Prof. Gil Troy, presidential historian at McGill University, told the Post that this electoral cycle “feels particularly nasty – so much so that pro-Trump and pro-Biden Jews just aren’t dealing with one another.
“I wish I could say that I anticipate a post-Election Day love in,” he said, when asked how the Jewish community could come together after the election. “My new book with Natan Sharansky, Never Alone, notes that we have and have always had all kinds of divisions, but we still should be in dialogue with one another,” he added.
“But the American Jewish scene reflects the American scene, and the likelihood of a post-Election Day ‘Kumbaya’ moment – given the passions, the hatred, the fury – is not very high, which is a shame. We should be able to put aside our differences after Election Day and celebrate democracy at work, but many of my US friends fear democracy won’t be working; and certainly, if their side loses, they will be really, really embittered.”
Soifer added that “this is the most divisive political moment I can remember in my lifetime.
“I think it’s the most divisive political moment in American history, because [in 2016] perhaps we were too confident, but we didn’t really think that Donald Trump could become president, just because it seemed like such an unimaginable reality. And even though we were concerned about it, it was hard to imagine what his presidency could look like. Now, four years in, we know exactly what it looks like, and it’s worse than we imagined,” she said. “I think that this is a true inflection point in American history.

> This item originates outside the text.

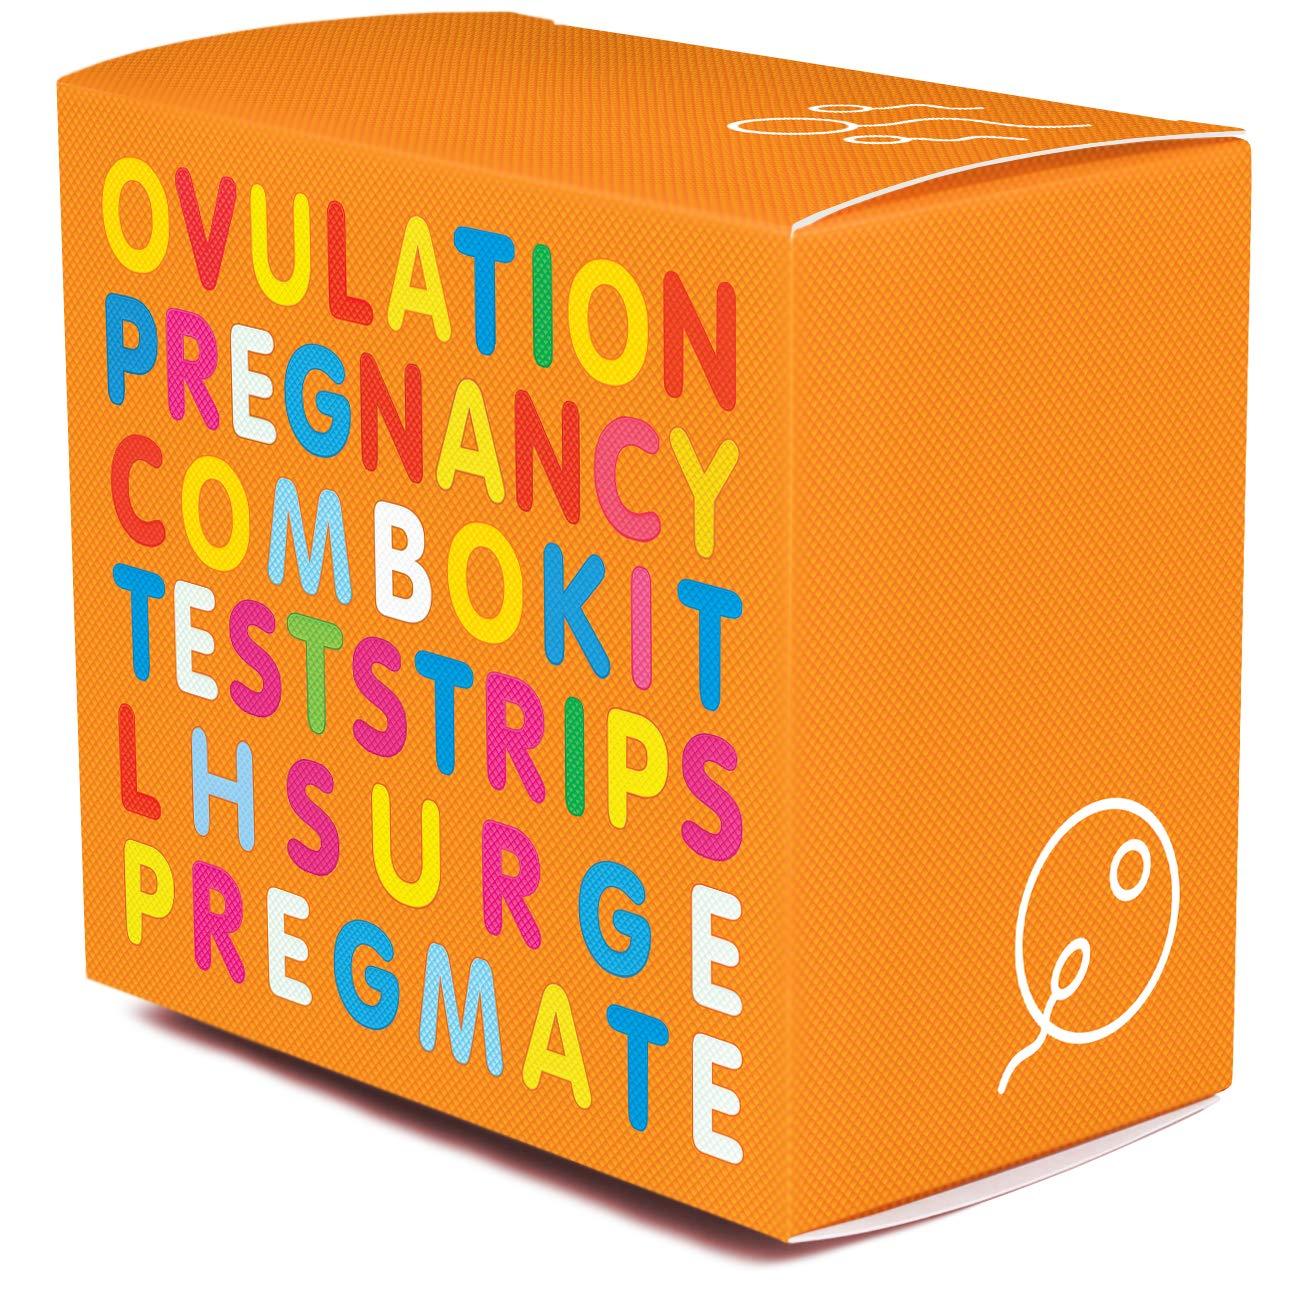 PREGMATE 50 Ovulation and 20 Pregnancy Test Strips Predictor Kit (50 LH + 20 HCG)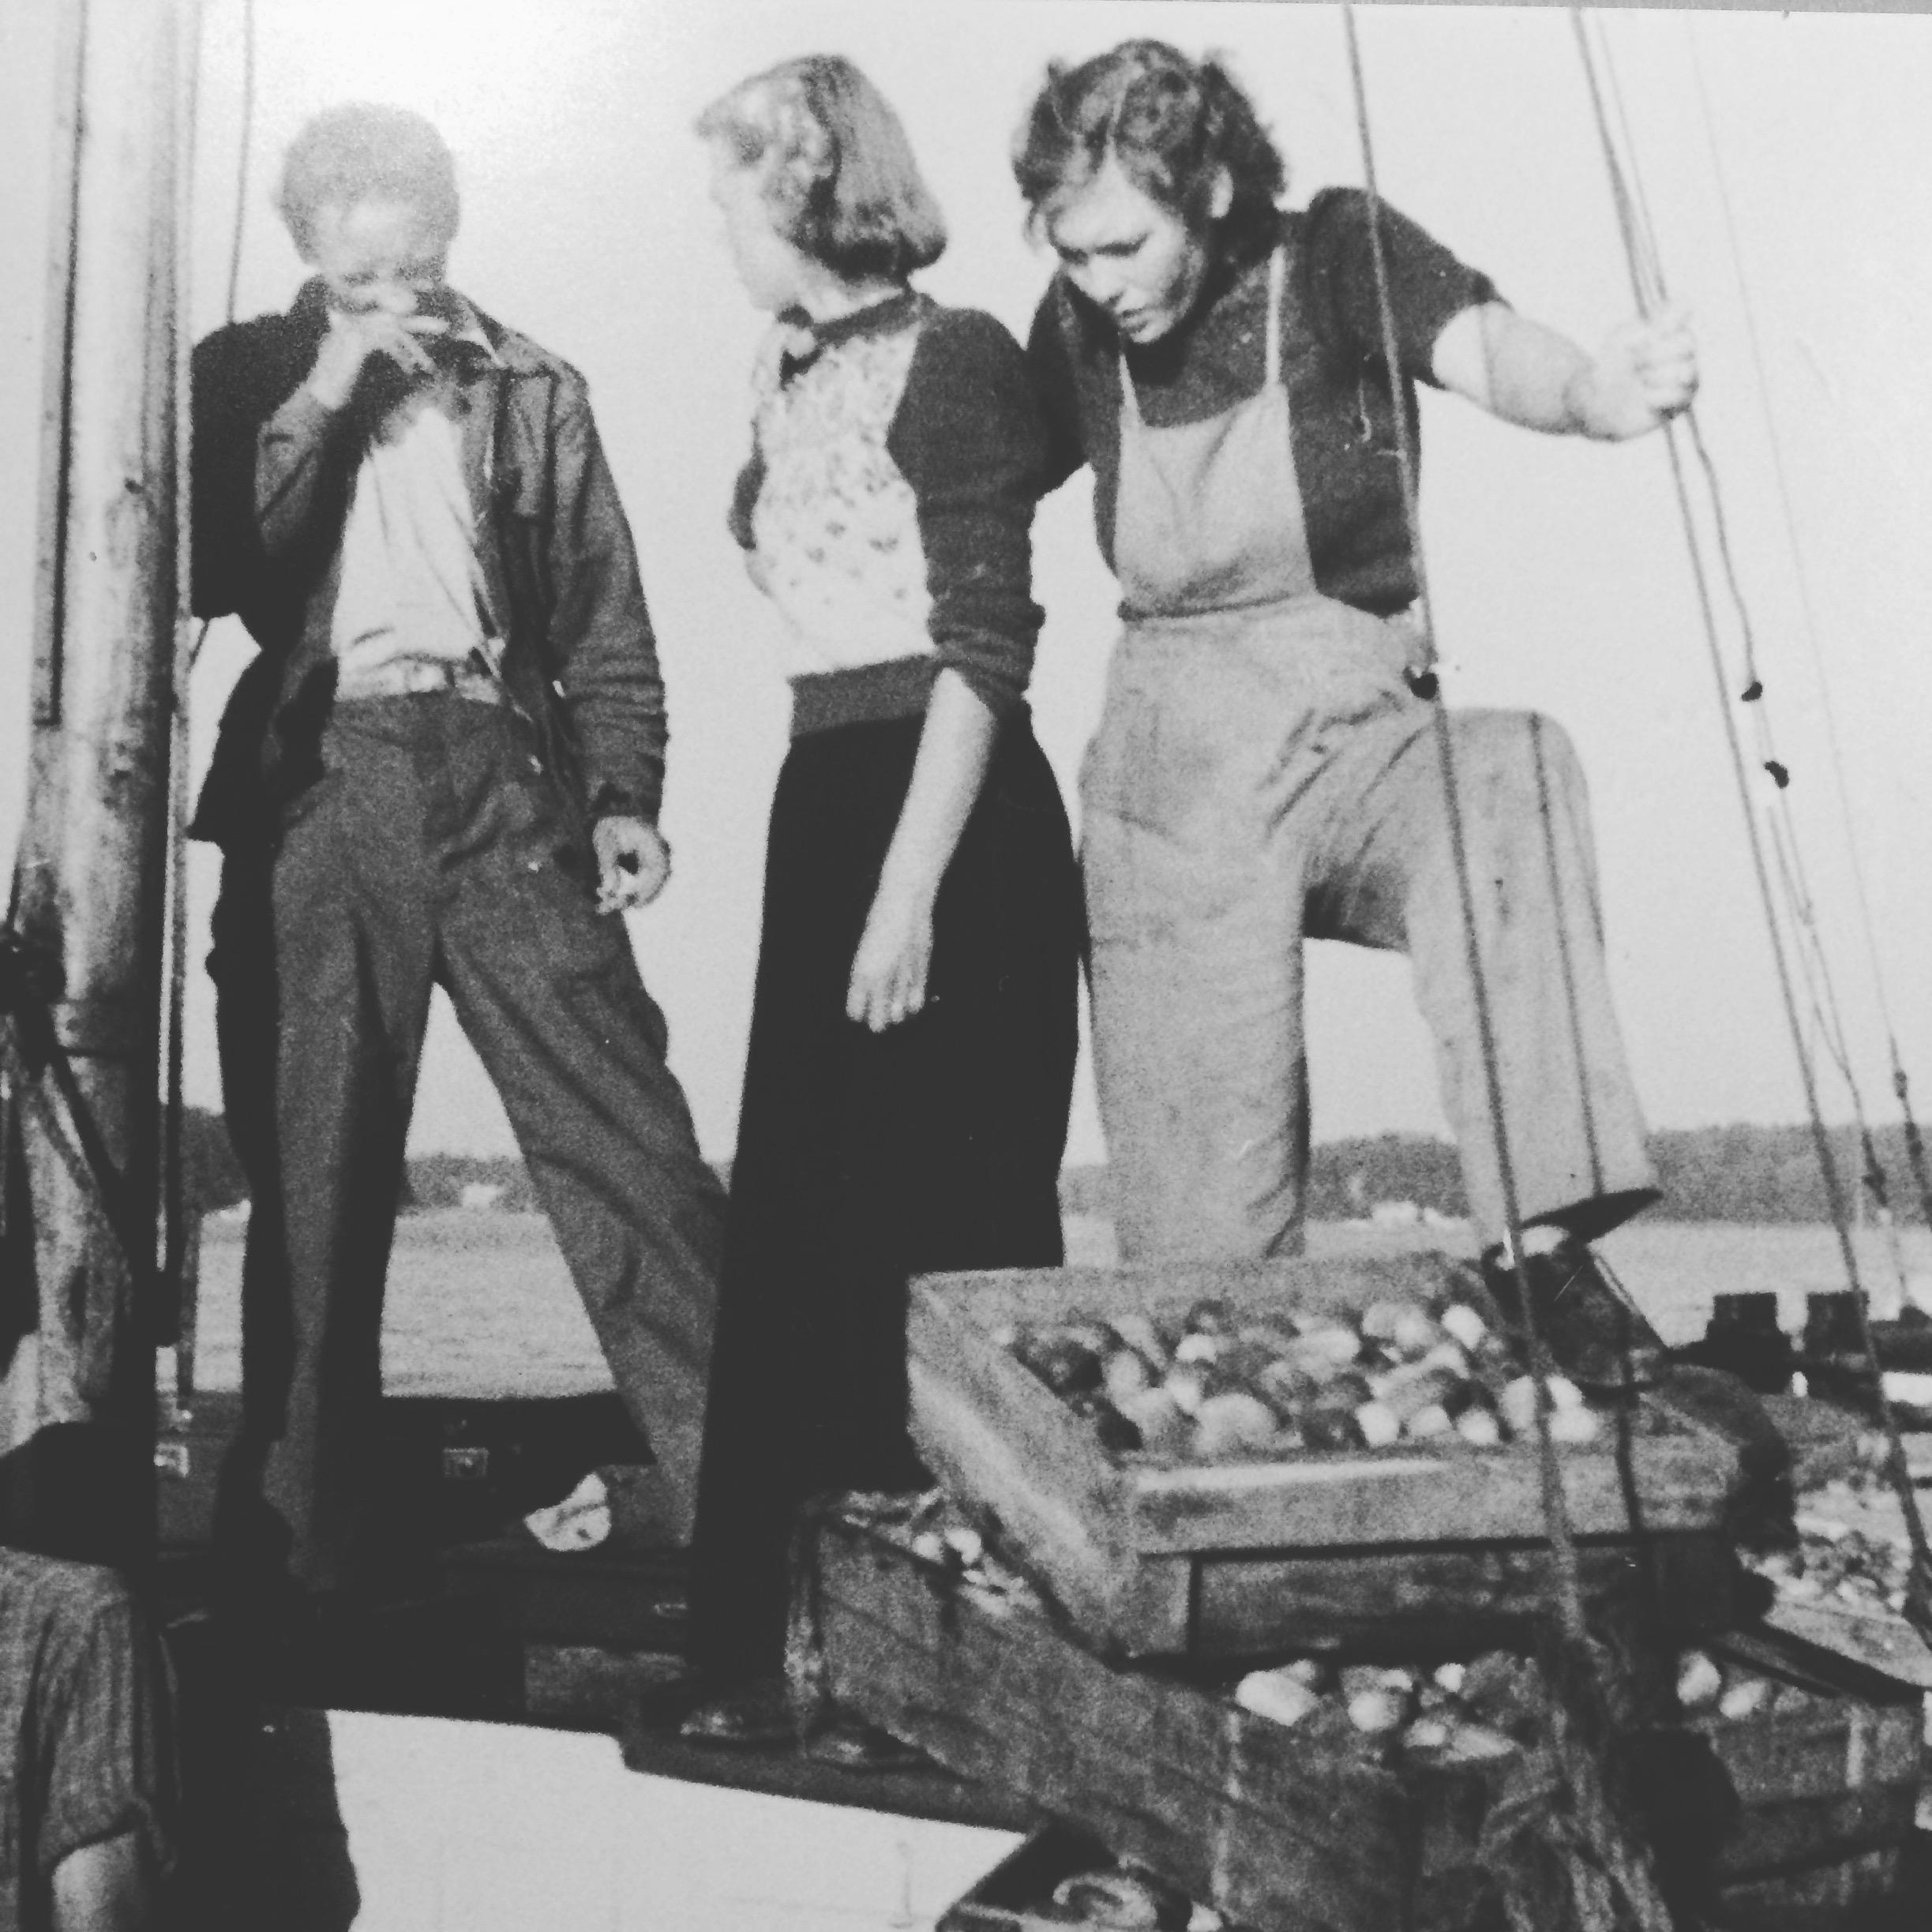 Women on boat (dungarees).jpg

Asked whether the community could come together after the election, she said: “I don’t know, I think that the Jewish community is deeply concerned about, first and foremost, the threats to our values as Americans and as Jews and the threats to our community posed by extremist groups that have been emboldened by Donald Trump.”
Presented with the same question, about how the community could put differences aside on November 4, Brooks said: “It’s something I think a lot about. And I hope that regardless of the outcome of the election, our community will hopefully be able to come together in these unsettled times.
“It is not good for the Jewish community to be as polarized and divisive as we currently are. So I hope that we’ll have a coming together after the election, regardless of the results, because I think it’s important for our community to be able to work together and to do the important things that we need to do in terms of strengthening our community,” Brooks added.